__What you have to do__.
Here the job is to transcribe the data exactly while omitting the images.

__Collected data__.
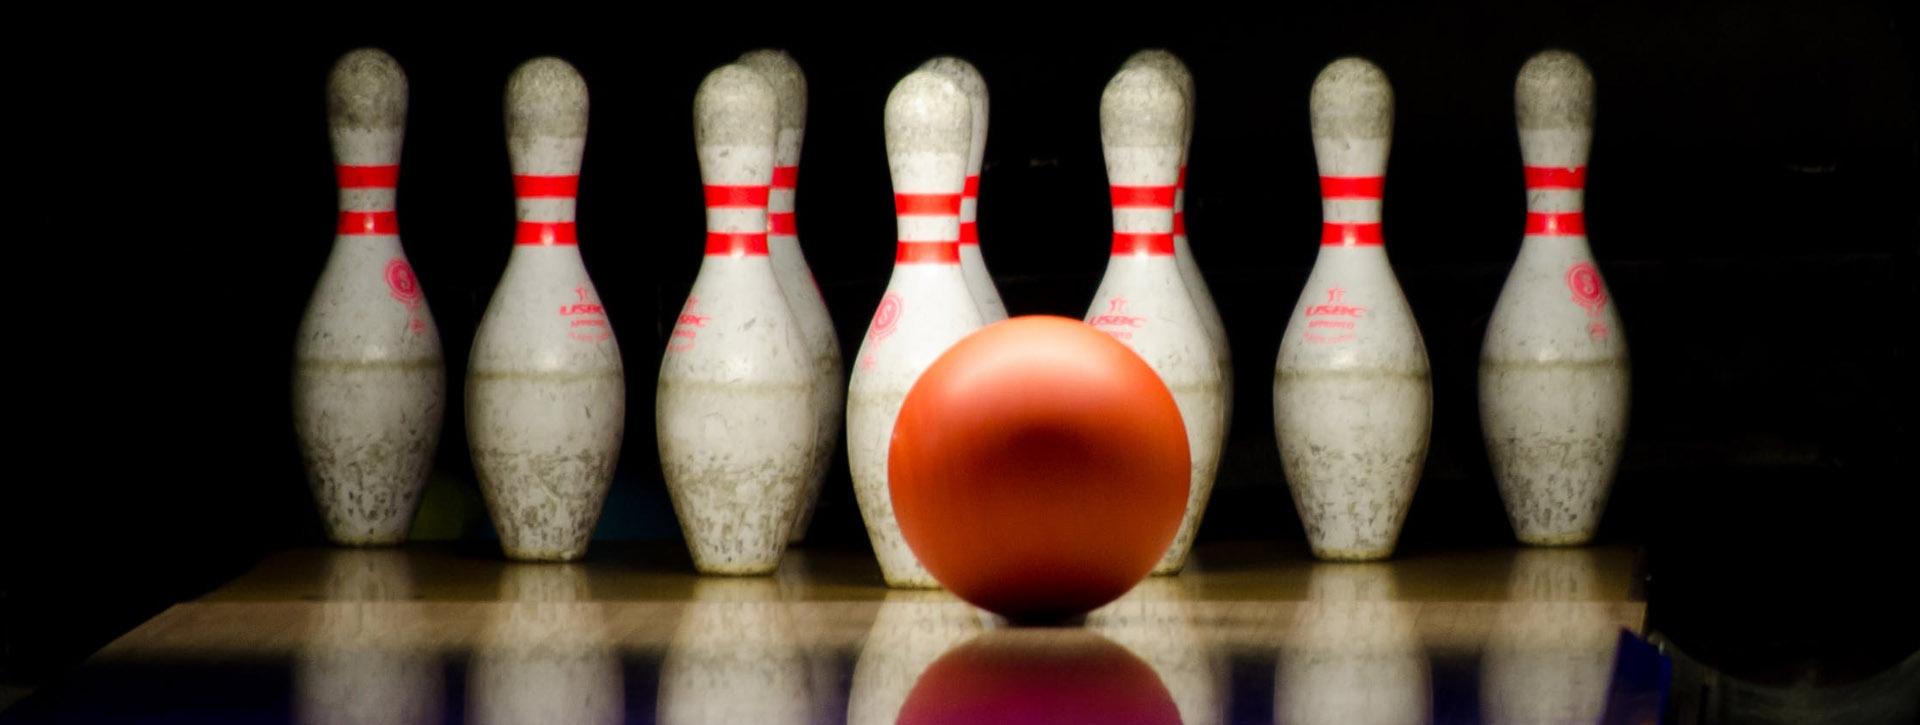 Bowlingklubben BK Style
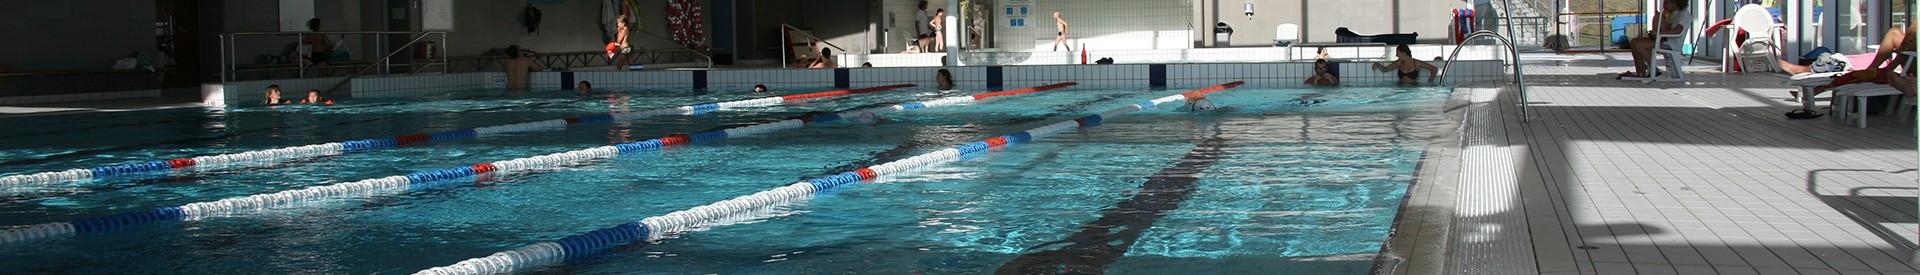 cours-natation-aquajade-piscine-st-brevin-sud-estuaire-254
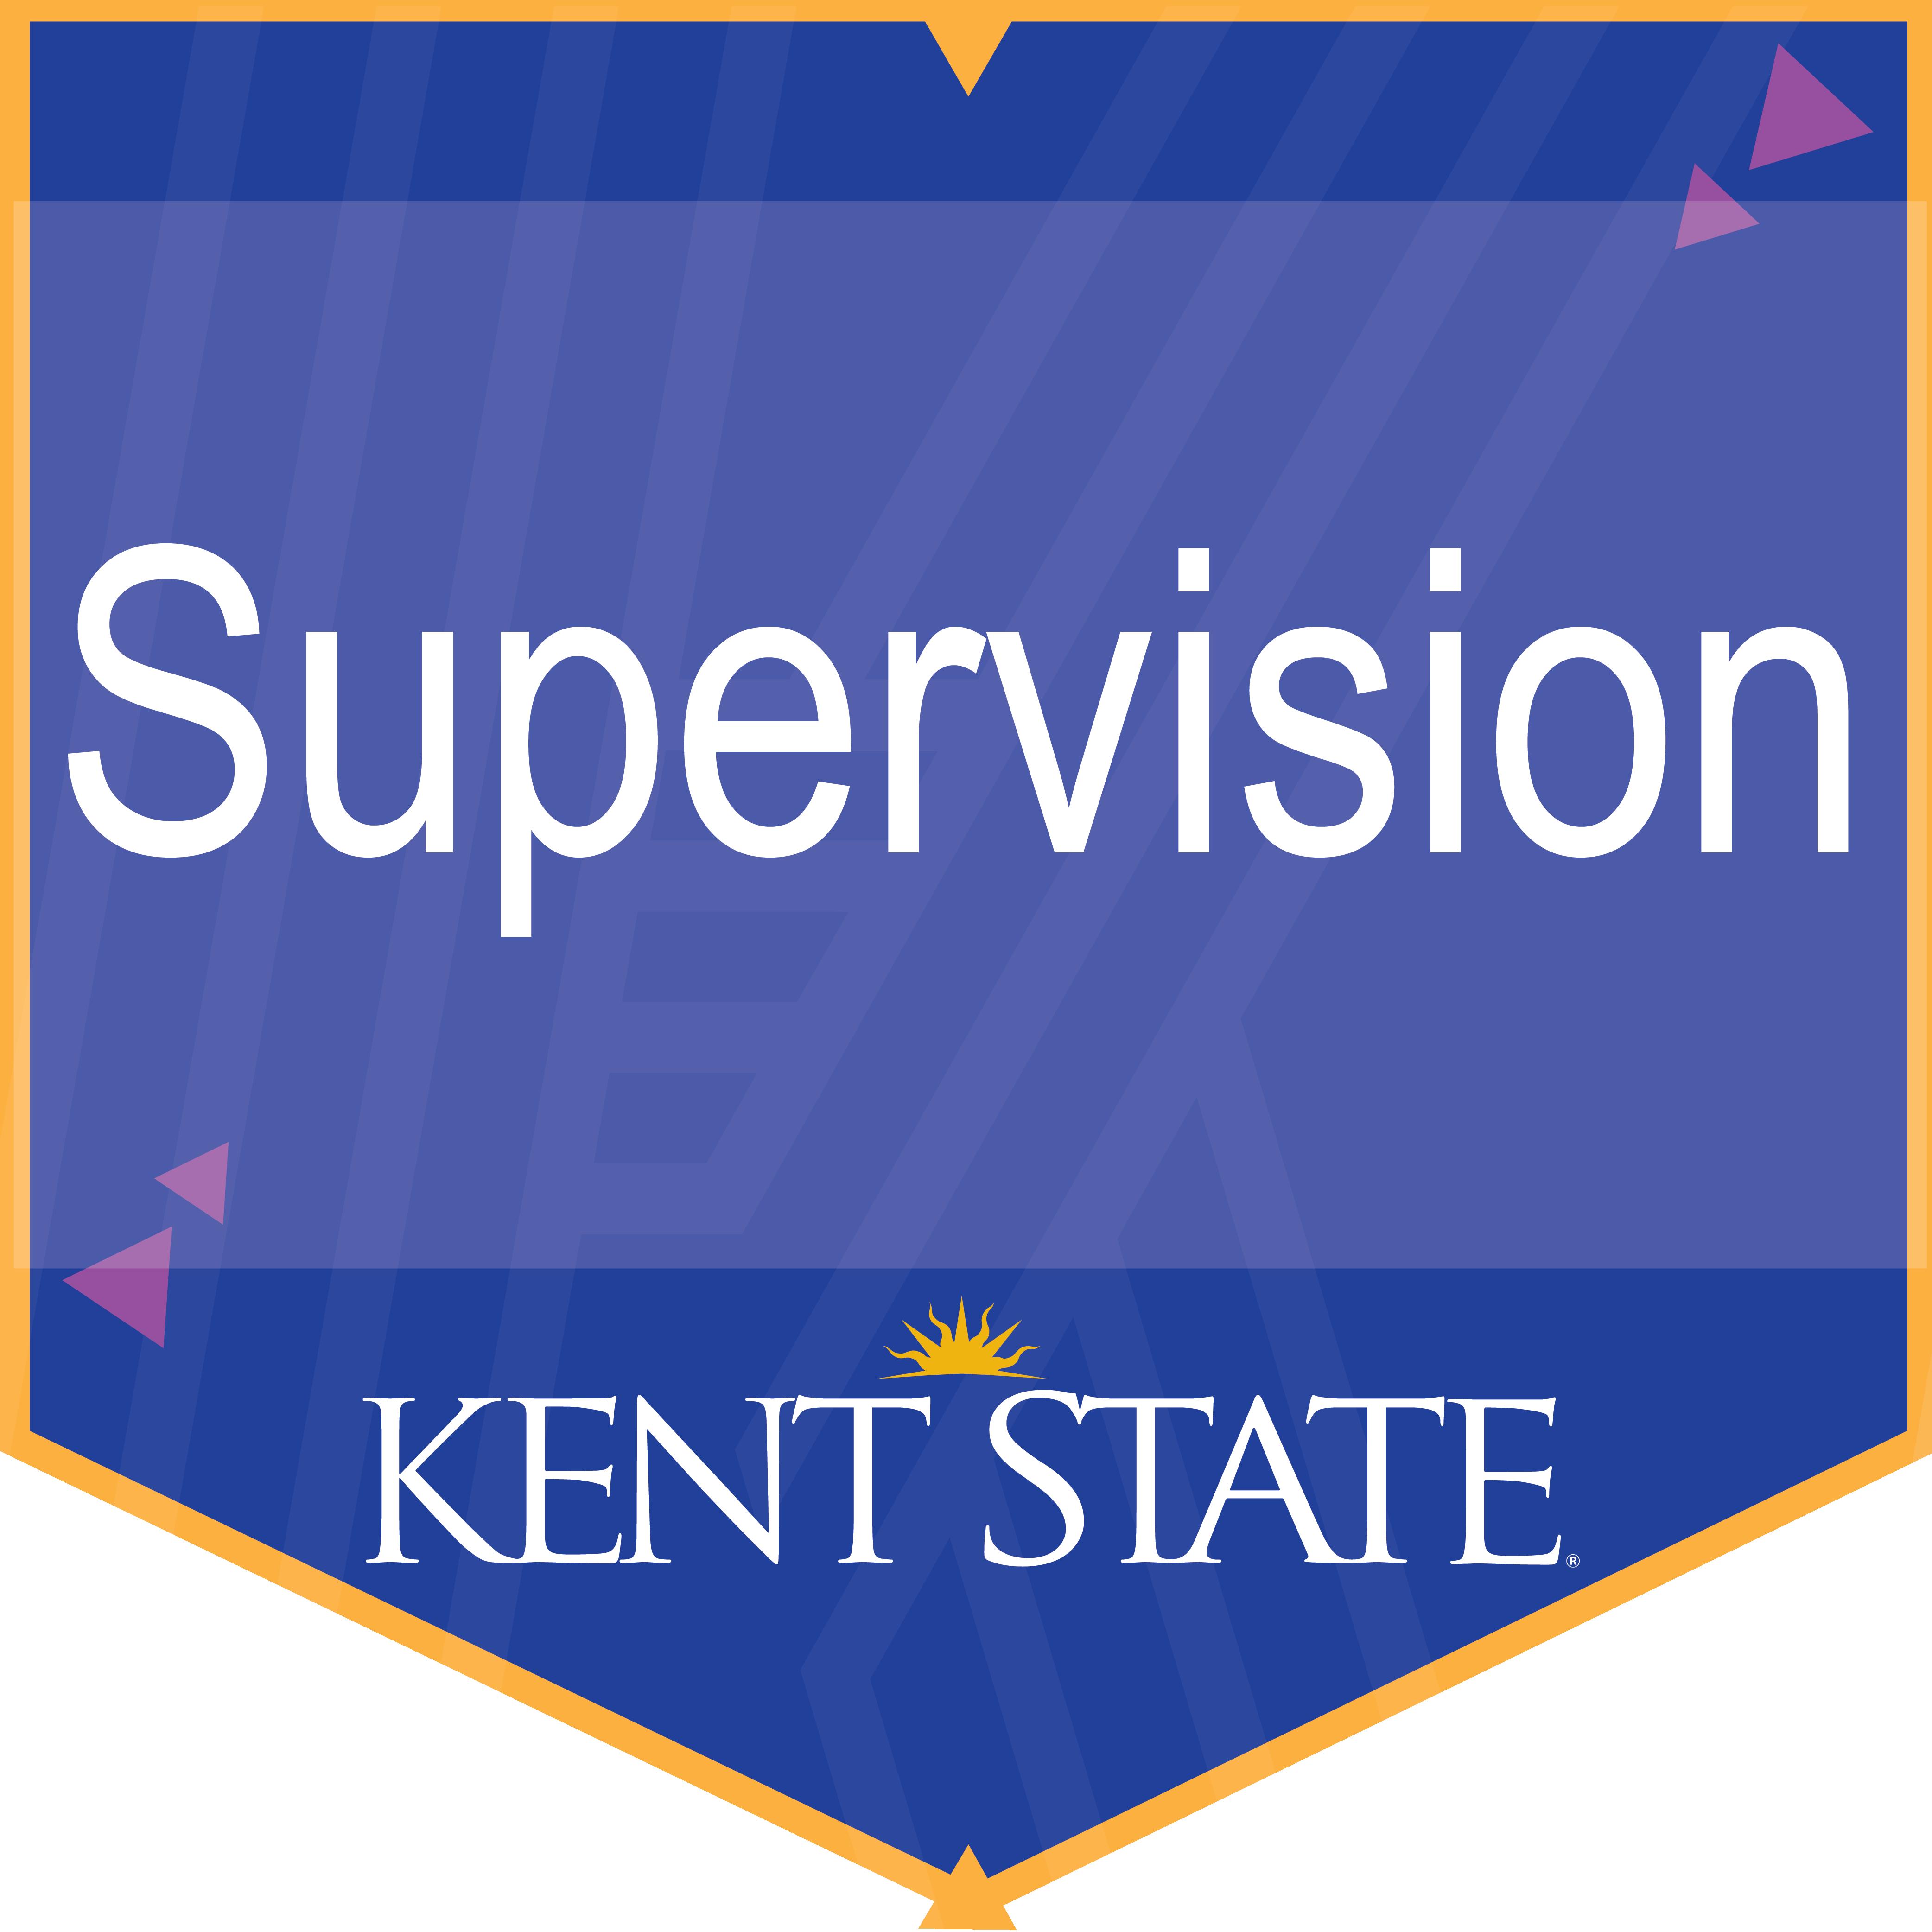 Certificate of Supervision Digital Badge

__Result for this task__.
 Bowlingklubben BK Style
 cours-natation-aquajade-piscine-st-brevin-sud-estuaire-254
 Certificate of Supervision Digital Badge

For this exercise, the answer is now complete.